My 85-year-old friend Sr. Bea stands in the doorway with tears in her eyes. She wants to hug me. We cannot touch. I know she loves me, and she knows I, her.
There is something both so sweet and sad about this moment. I do not know when we will be able to hug again because of this coronavirus pandemic. Or even see each other. She seems frail and vulnerable as she hesitates to say goodbye and tries to hide her tears.
This moment is so beautifully vivid in my awareness now. The preciousness of life and of our love for one another. How much I treasure life, love, deep connection with others.
I think of my son, far up in Nome. The special moments we had nearly two weeks ago. Before COVID-19 had reached Alaska. Before Nome would nearly double in population as strangers descended upon it for the end of the Iditarod, making that little town susceptible. I had thought he would be safe, unaffected by the virus. Luckily, he remains healthy.
No matter where we live or who we are, our lives are being affected. We find ourselves coexisting in the midst of something that is not understandable nor within our control. Yet this pandemic has the potential to teach us something invaluable: how we are inexplicably connected.
That’s why I have renamed this virus COVIDA – vida being the Spanish word for “life.” Because we truly are in this life together. We cannot separate ourselves from that fact. We live on this planet together. We breathe together.
And, as we are witnessing, in reality, no physical barriers can separate us. No 18 ft-tall steel border wall can protect us. When something like this hits, we understand that globally, we are connected. Global solidarity does matter.
From a spiritual perspective, a crisis has the potential to heal and bring us together in ways that nothing else can. It can teach us, “wake us up” to how we have been living, how we have been treating ourselves, each other, and our Mother Earth. It can teach us what we need to change. Reconnect us with our spiritual grounding, cause us to turn to our spiritual practices. Remind us of the spiritual laws of love, of brotherhood/ sisterhood, of our responsibility for one another.
Most importantly, it can remind us to turn to love rather than fear. The Love that loves us so and mysteriously “sustains us, in everything,” as my teacher Jim Finley would say.

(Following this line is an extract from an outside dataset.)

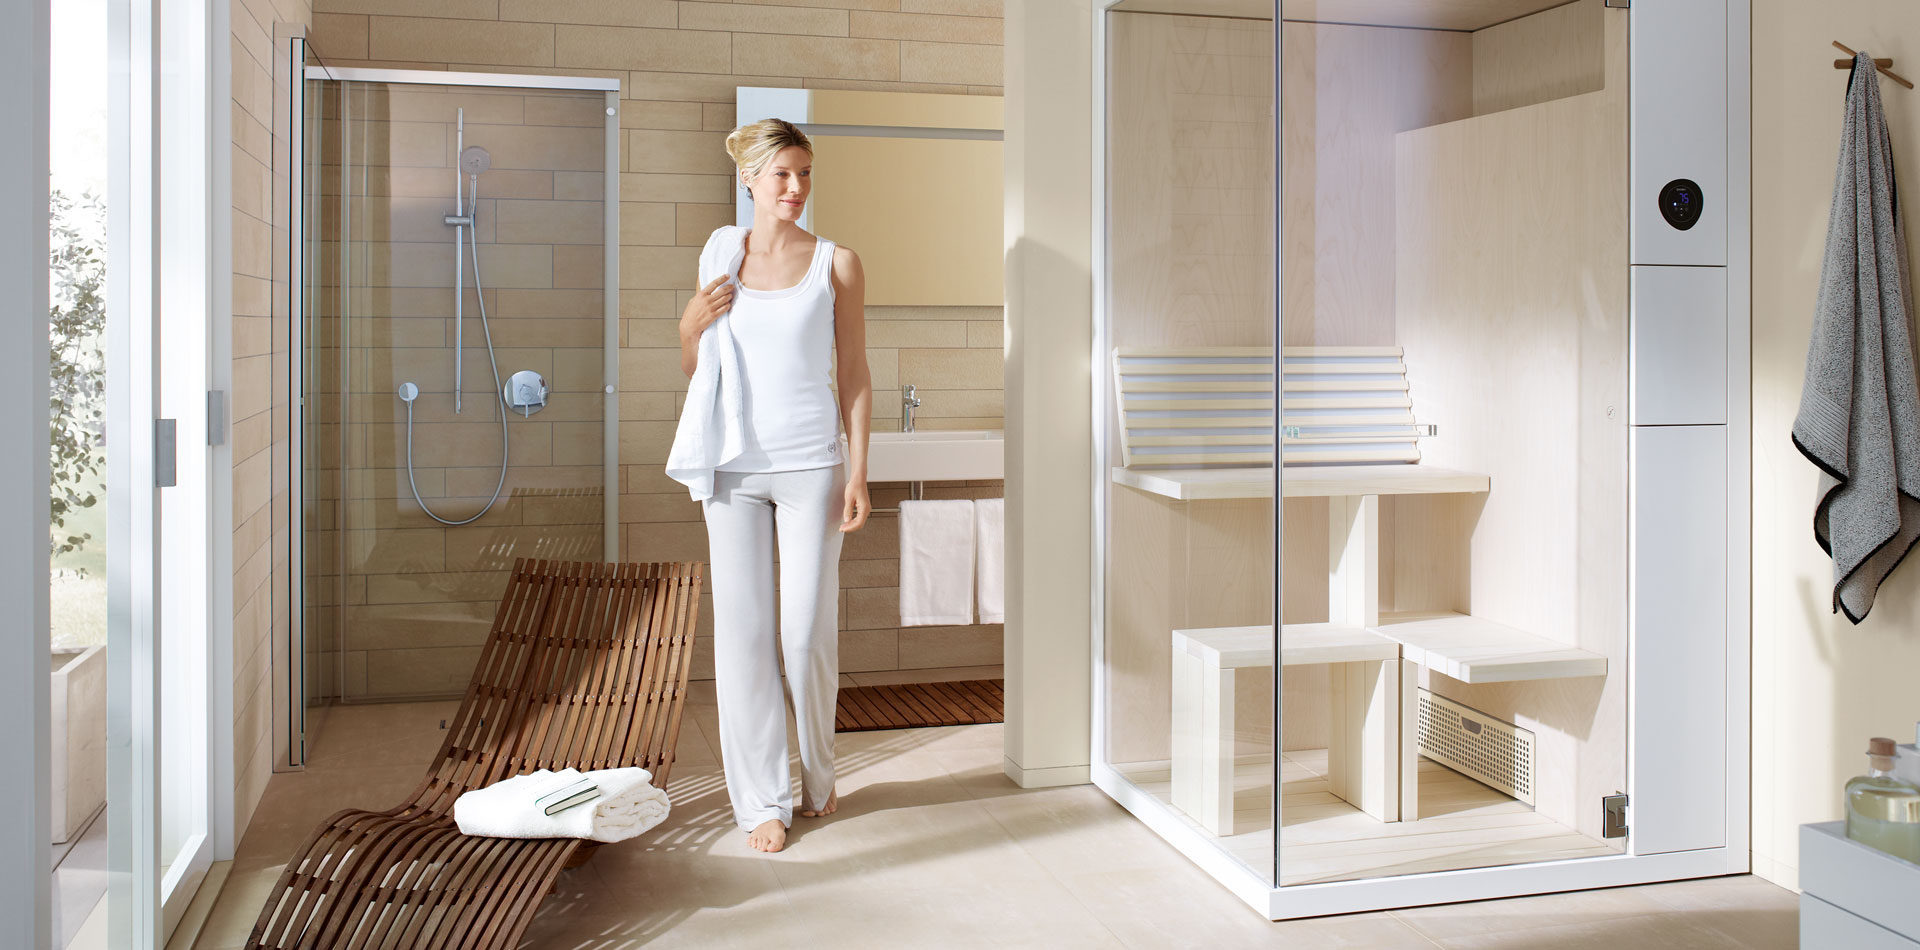 Badezimmer Komplett Service, Traumbad 4 You, Dusche barrierefrei

Like most people, I have been paying attention to the news. But in small doses. What has struck and uplifted me are the positive and beautiful ways people have been finding to connect. As if they cared. As if we matter to each other.
As if we instinctively know that we don’t have to physically connect to touch someone’s heart.

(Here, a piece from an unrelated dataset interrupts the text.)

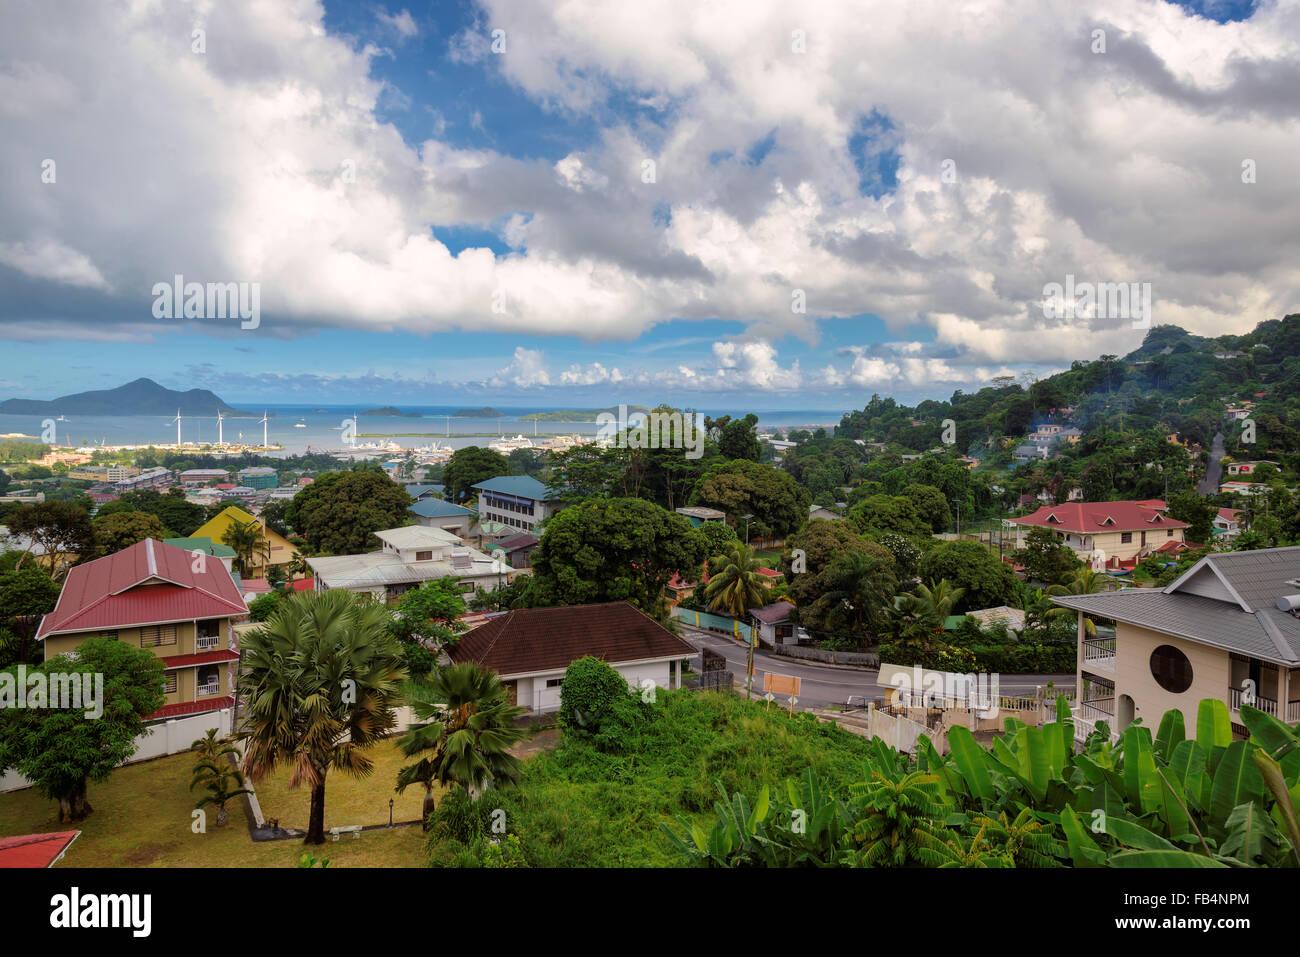 Aerial view of Mahe coastline, Victoria, Seychelles - Stock Image

Strangers are performing selfless acts of kindness: neighbors offering to get groceries for the elderly and homebound, high schools donating medical supplies and face masks to hospitals, volunteers “staffing” food banks and delivering food to low-income children who are missing their school lunches. And, most importantly of all are those selfless nurses, doctors, and other healthcare professionals who are working such long hours and returning, day after day, to exposure to this virus.
Then there are those positive social media messages and videos. Like the young Danish doctor happy to be able to give back to her country and the elderly who supported her education and career: https://www.boredpanda.com/danish-doctor-wants-to-pay-back-to-her-country-during-coronavirus/?utm_source=smartnews&utm_medium=referral&utm_campaign=organic
Or the many virtual communal prayer or meditation offerings. Like Contemplative Outreach’s “United in Prayer” Day this Saturday, March 21st: https://www.contemplativeoutreach.org/2020-united-prayer-day
Or like blogger Cameron Bellm, a contemplative, “writer of prayers,” and Seattle mom of two boys, who wrote this beautiful Prayer for a Pandemic
As Pope Francis counseled recently, “Don’t waste these difficult days….We must rediscover the concreteness of little things, small gestures of attention we can offer….We must understand that in small things lies our treasure. These gestures of tenderness, affection, compassion are minimal and tend to be lost in the anonymity of everyday life, but they are nonetheless decisive, important.”
Loving in place is possible. Even vital. In this time of COVIDA.
Sending you a big, virtual hug, Bea!